Data extract below:
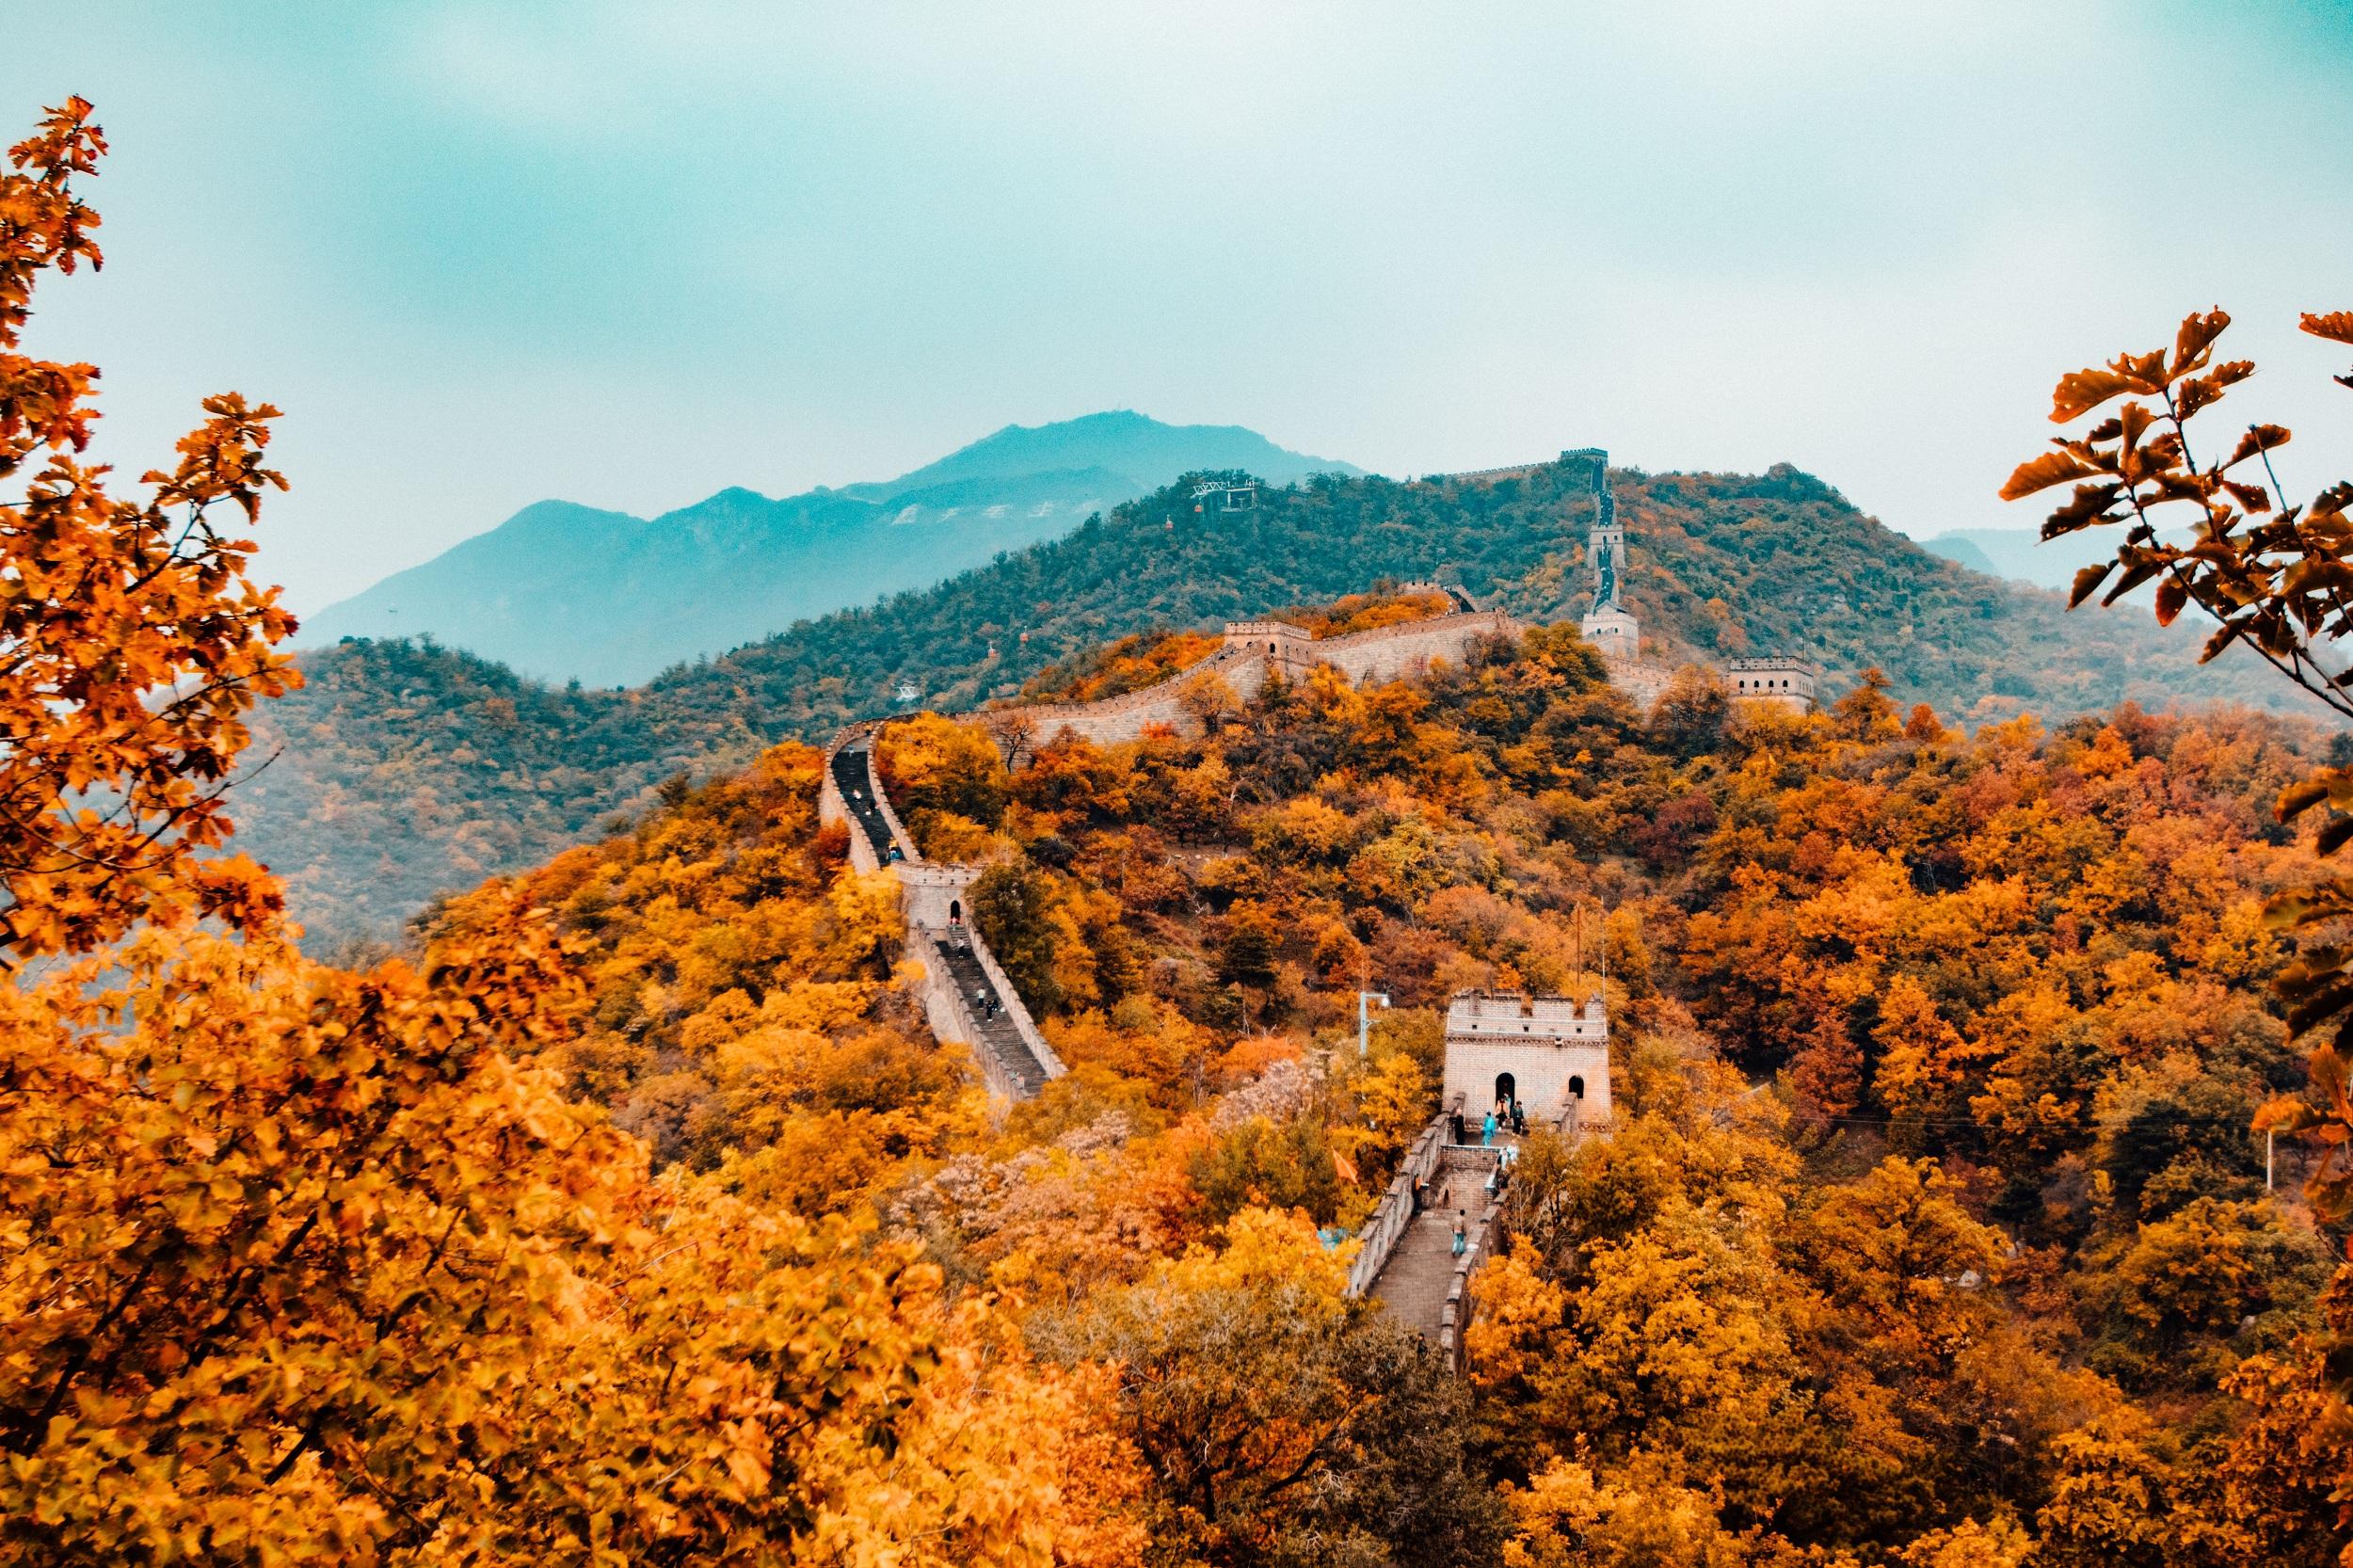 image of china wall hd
End of Data extract.
Data extract below:
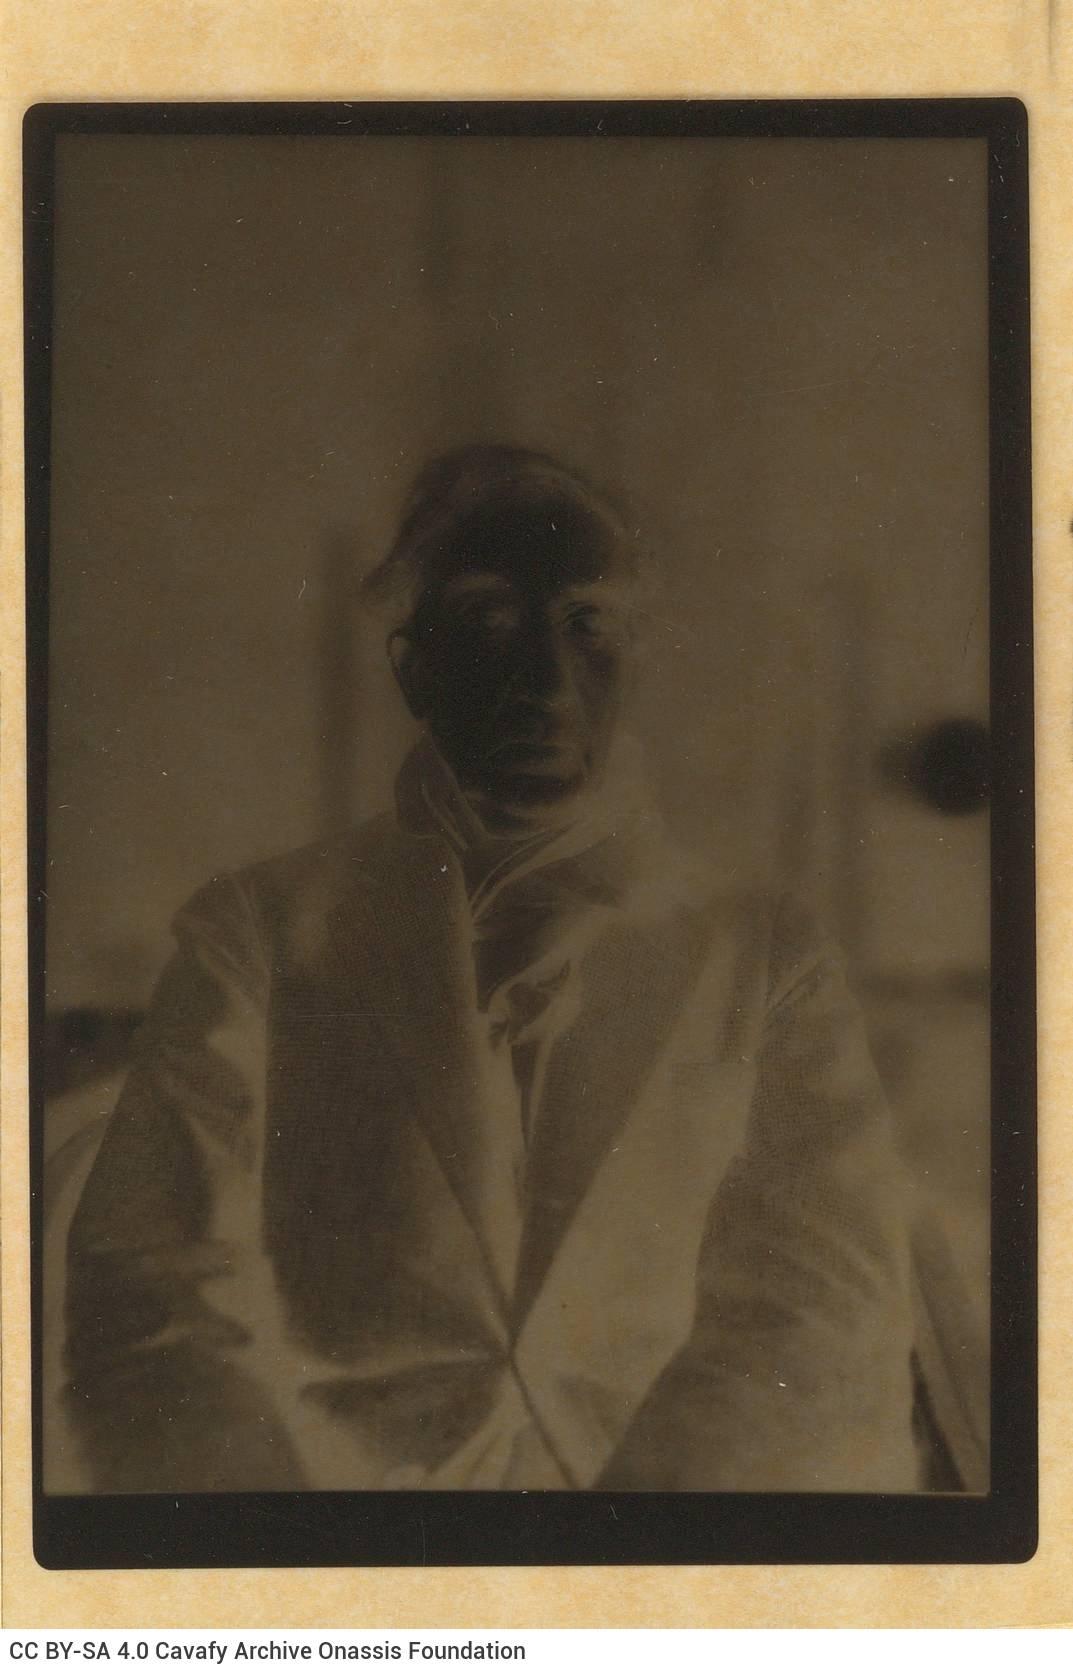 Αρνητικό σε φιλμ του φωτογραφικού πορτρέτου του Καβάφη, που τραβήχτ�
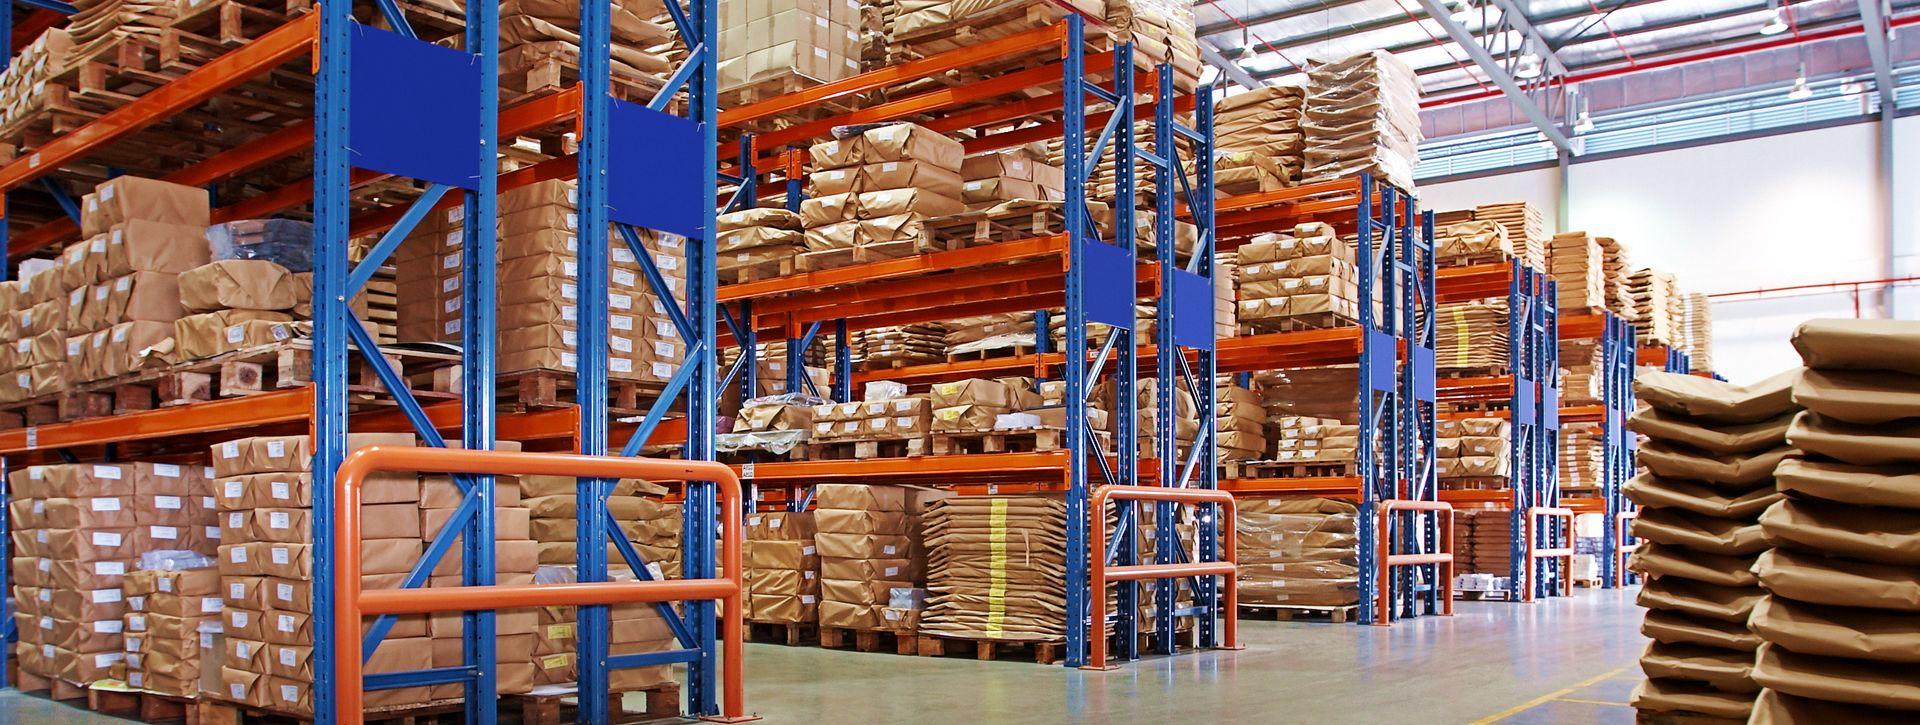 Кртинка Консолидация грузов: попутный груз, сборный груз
End of Data extract.
What you will do:
Above are entries with pictures among them. Write out exactly the lines from the one containing "Αρνητικό σε φιλμ" through the one containing "Кртинка Консолидация грузов: попутный", ends included, and leave those pictures out.

Solution to the exercise:
 Αρνητικό σε φιλμ του φωτογραφικού πορτρέτου του Καβάφη, που τραβήχτ�
 Кртинка Консолидация грузов: попутный груз, сборный груз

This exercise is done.